Back in 2007, the last time Kevin Rudd was party leader in a federal election campaign, he was regularly derided by commentators for engaging with voters via ‘soft’ media formats like breakfast shows on FM radio and, most famously, Sunrise. Most vocal of the critics was Barrie Cassidy, who complained after Rudd cancelled a planned appearance on the ABC’s Insiders program, while finding time to appear on comedy chat show later on the same day.

A lot has changed since 2007. Now it’s not uncommon for politicians from both sides of the chamber to appear on political entertainment TV shows, perhaps realising (just as Kevin Rudd did long before them) that Insiders appeals only to a tiny portion of the voting public, and that the viewing tastes of the Canberra press gallery are not exactly well aligned with those of the average punter. Kevin Rudd’s appearance on Friday night’s edition of Ten’s The Project therefore made very little splash, but it was illustrative nonetheless. Those who think that a spot on an infotainment format such as The Project represents an open mic for politicians to get their message out only have to watch Friday’s episode to see that’s not really the case.

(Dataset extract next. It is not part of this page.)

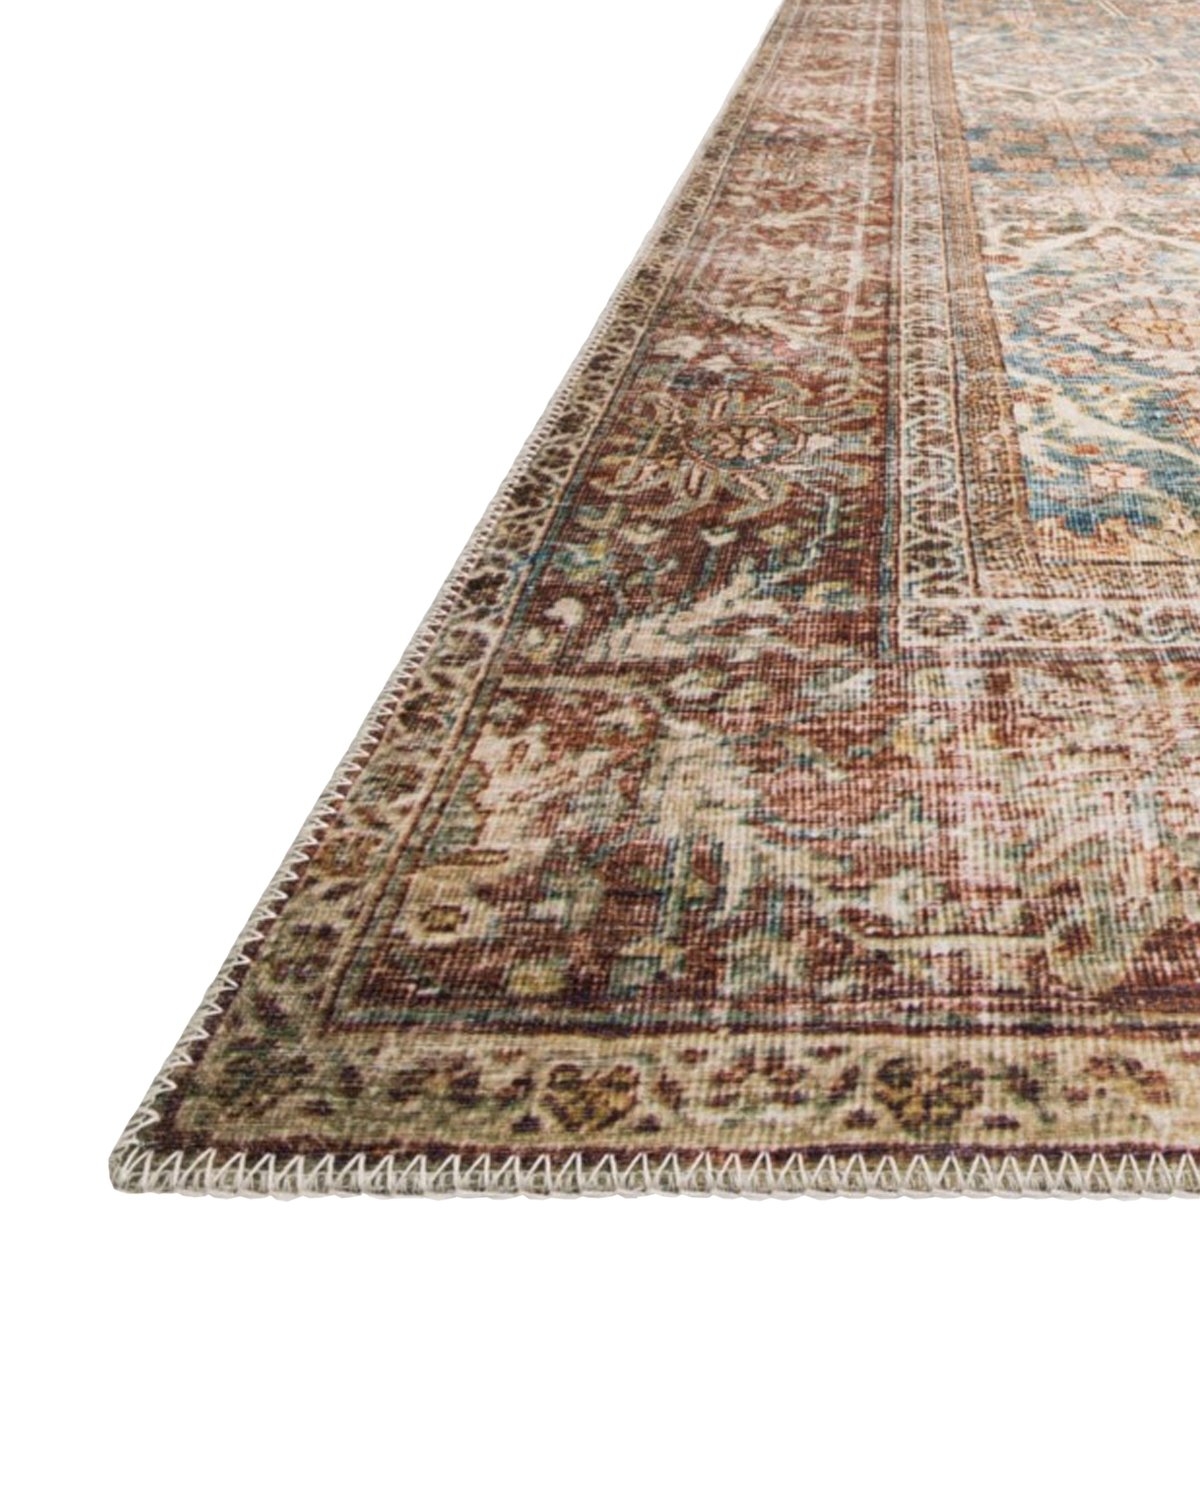 TUNIS PATTERNED RUG, 2'6" x 9'6" - Image 2

The Prime Minister was pressed immediately on the deaths that have been linked (however appropriately) to the home insulation scheme, which was then followed up by a question from Natasha Exelby, quoting some of the unvarnished criticisms that have been made of him previously from his new recruit, Peter Beattie. Along the way, of course, there were some laughs, and he got a particular ribbing on his performance at photo ops from comedian and regular panellist ‘Lehmo’.

These moments of unpredictability, where politicians step away from the traditional, adversarial political interviews of the sort conducted by Leigh Sales on 7:30, often provide some of the most illuminating moments in a political campaign. As Annabel Crabb has shown with Kitchen Cabinet, genuine insight can be gained when politicians feel as though they can let their carefully-crafted guard down.

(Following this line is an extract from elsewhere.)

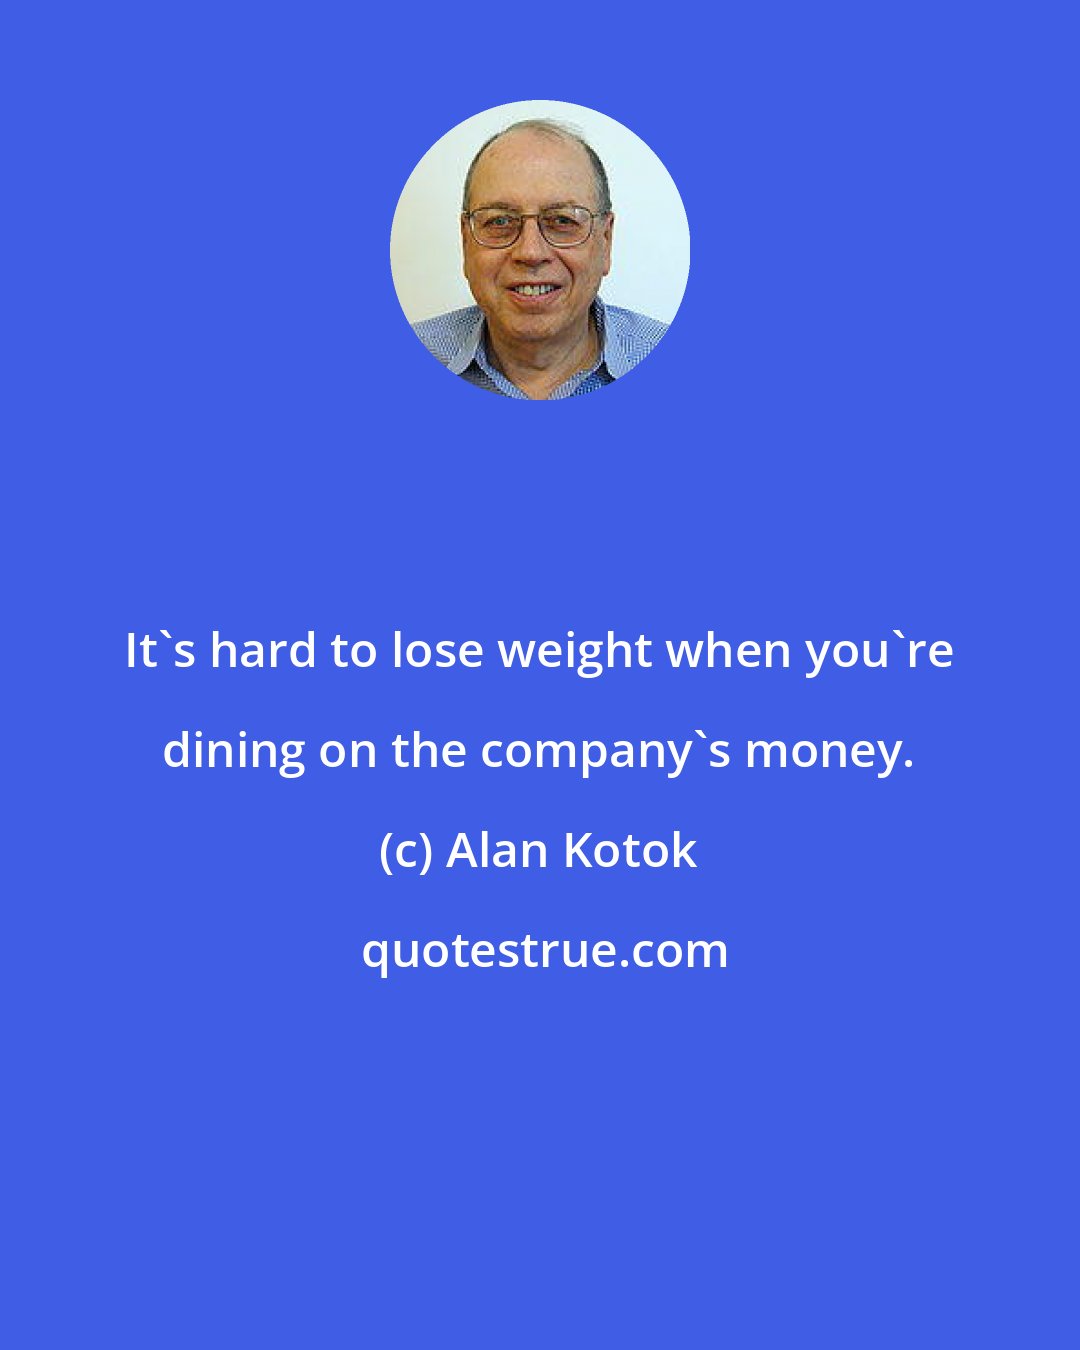 Alan Kotok: It's hard to lose weight when you're dining on the company's money.

Kevin Rudd did OK on The Project. Some of his responses were quick and clever, if a little awkward and self-conscious. For many though, and particularly those younger voters who prefer to get their news from shows like The Project, what he said and how he looked is probably far less important than the fact he’s willing to be a guest on the show in the first place. Tony take note.

Stephen Harrington is senior lecturer in media and communications at QUT. He is working with Brian McNair on an ARC-funded study of political media in Australia.